RECORDED INFORMATION:
-------

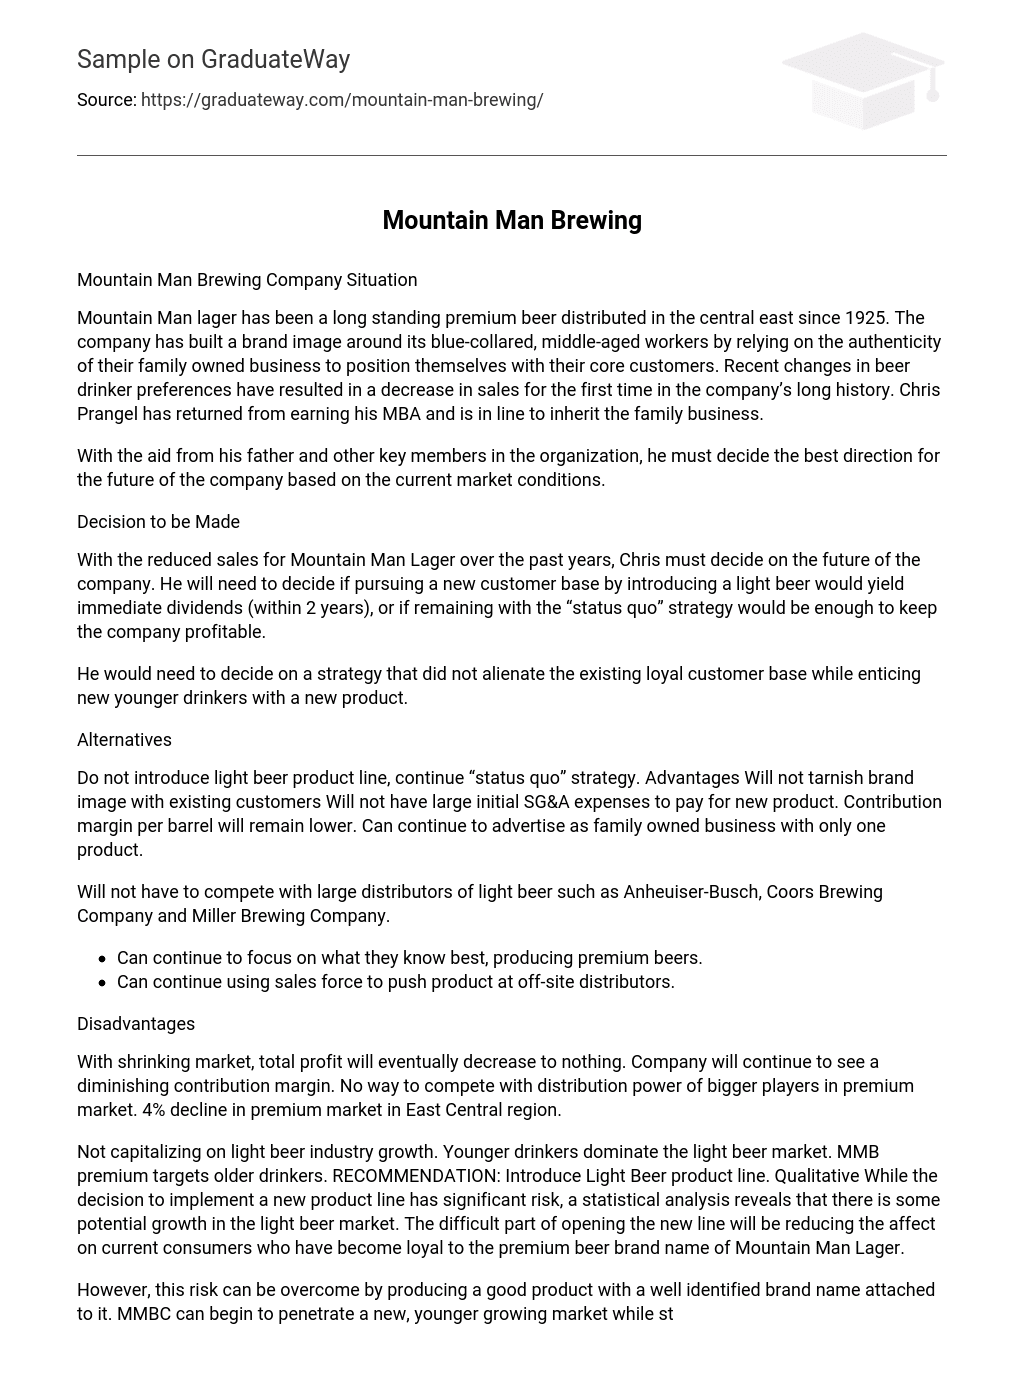 Mountain Man Brewing Analysis
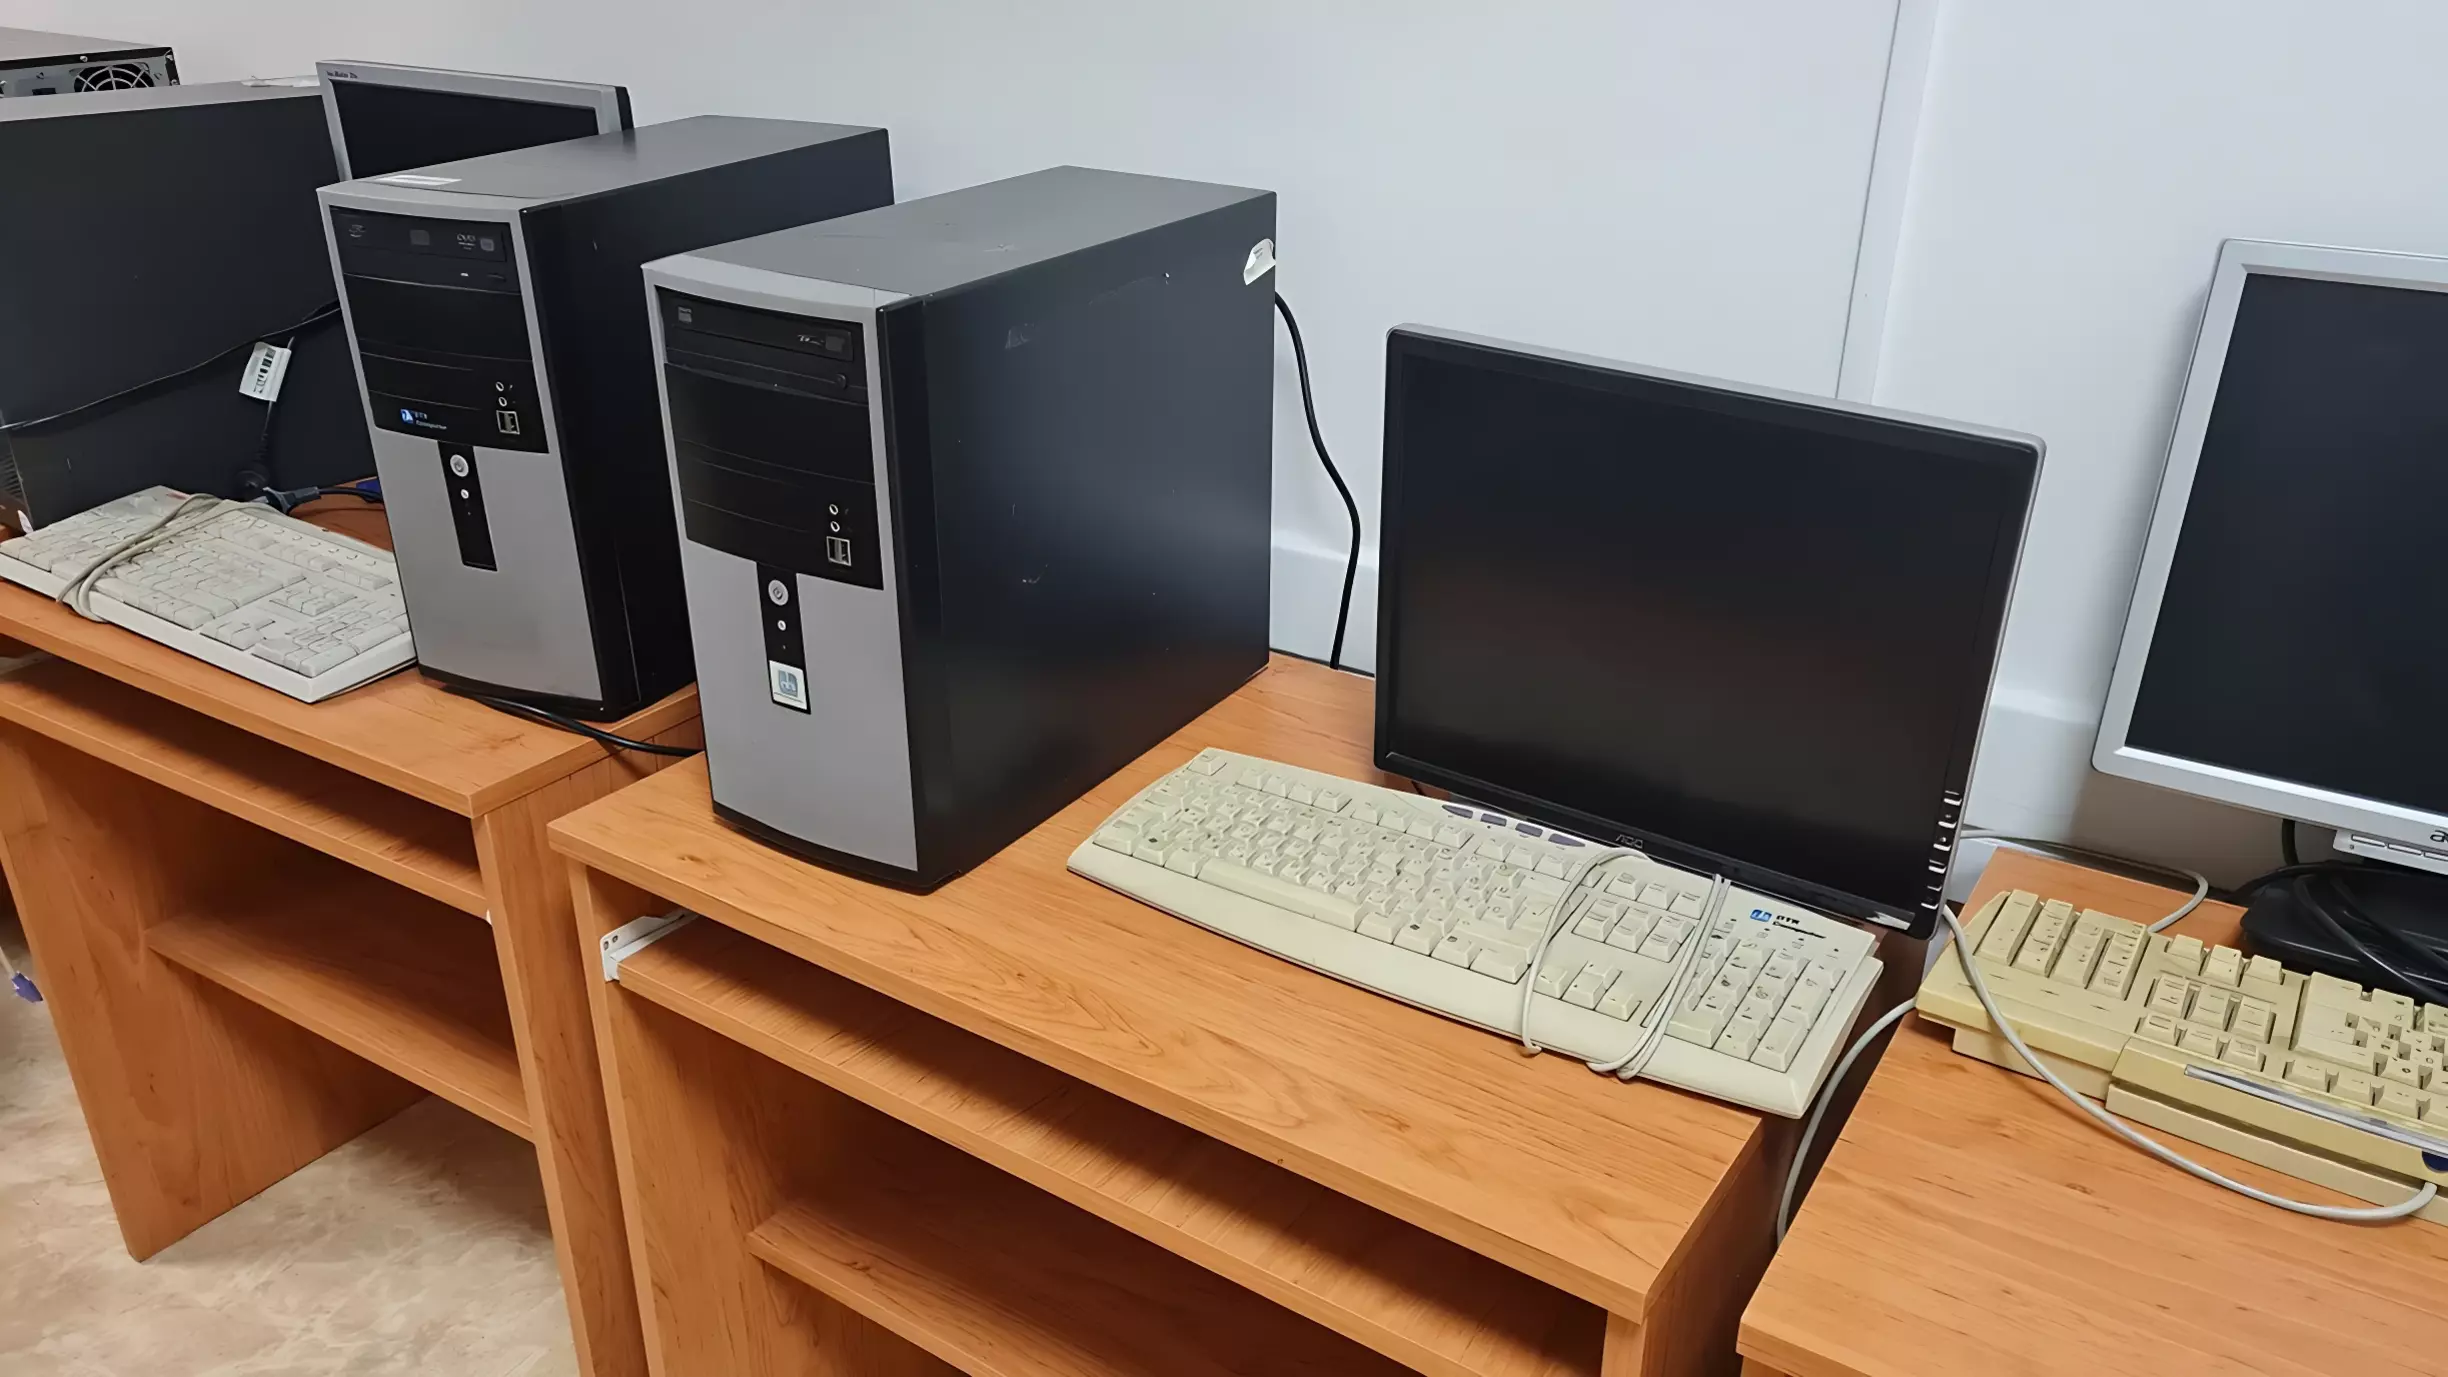 УФАС отклонило жалобу поставщика на закупку компьютеров в Аскизском районе
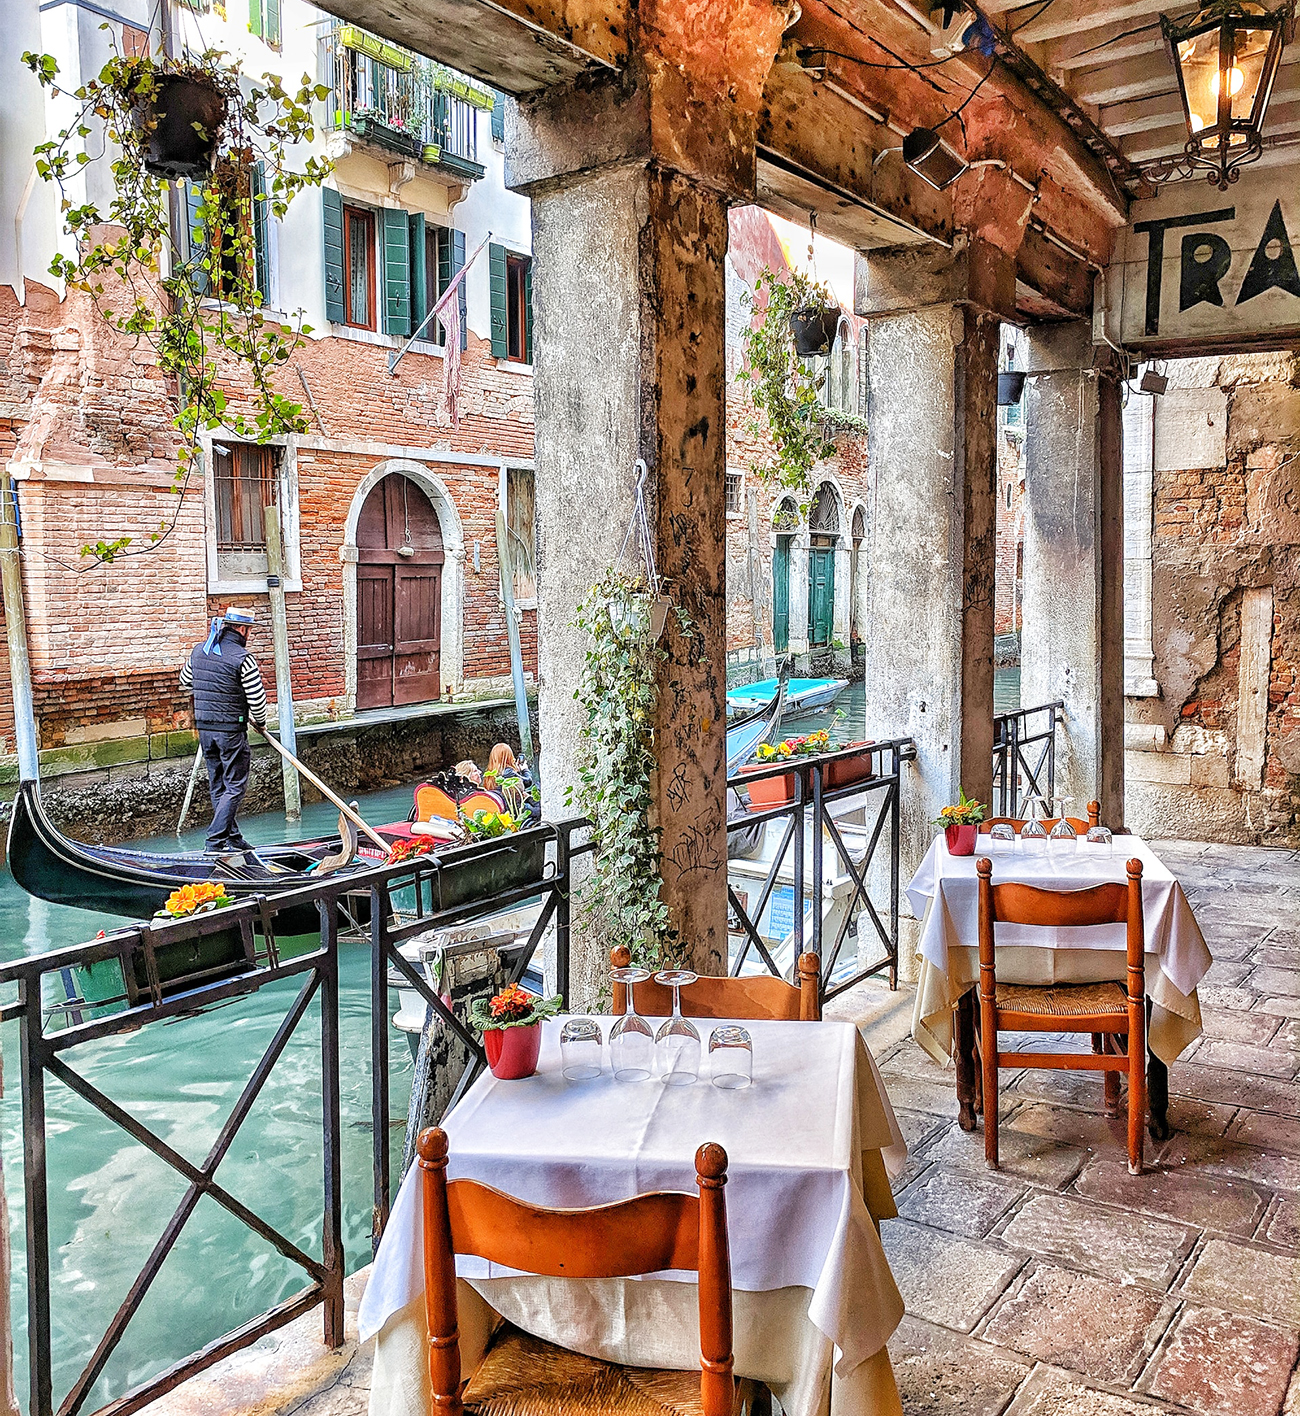 מסעדה על גדת תעלה בוונציה. צילום: Igor Oliyarnik

-------

WHAT YOU SHOULD DO: Would you copy the lines from the one holding "УФАС отклонило жалобу" down to the last line of the material, both included, exactly and with nothing added, skipping the pictures?

EXERCISE RESPONSE:
 УФАС отклонило жалобу поставщика на закупку компьютеров в Аскизском районе
 מסעדה על גדת תעלה בוונציה. צילום: Igor Oliyarnik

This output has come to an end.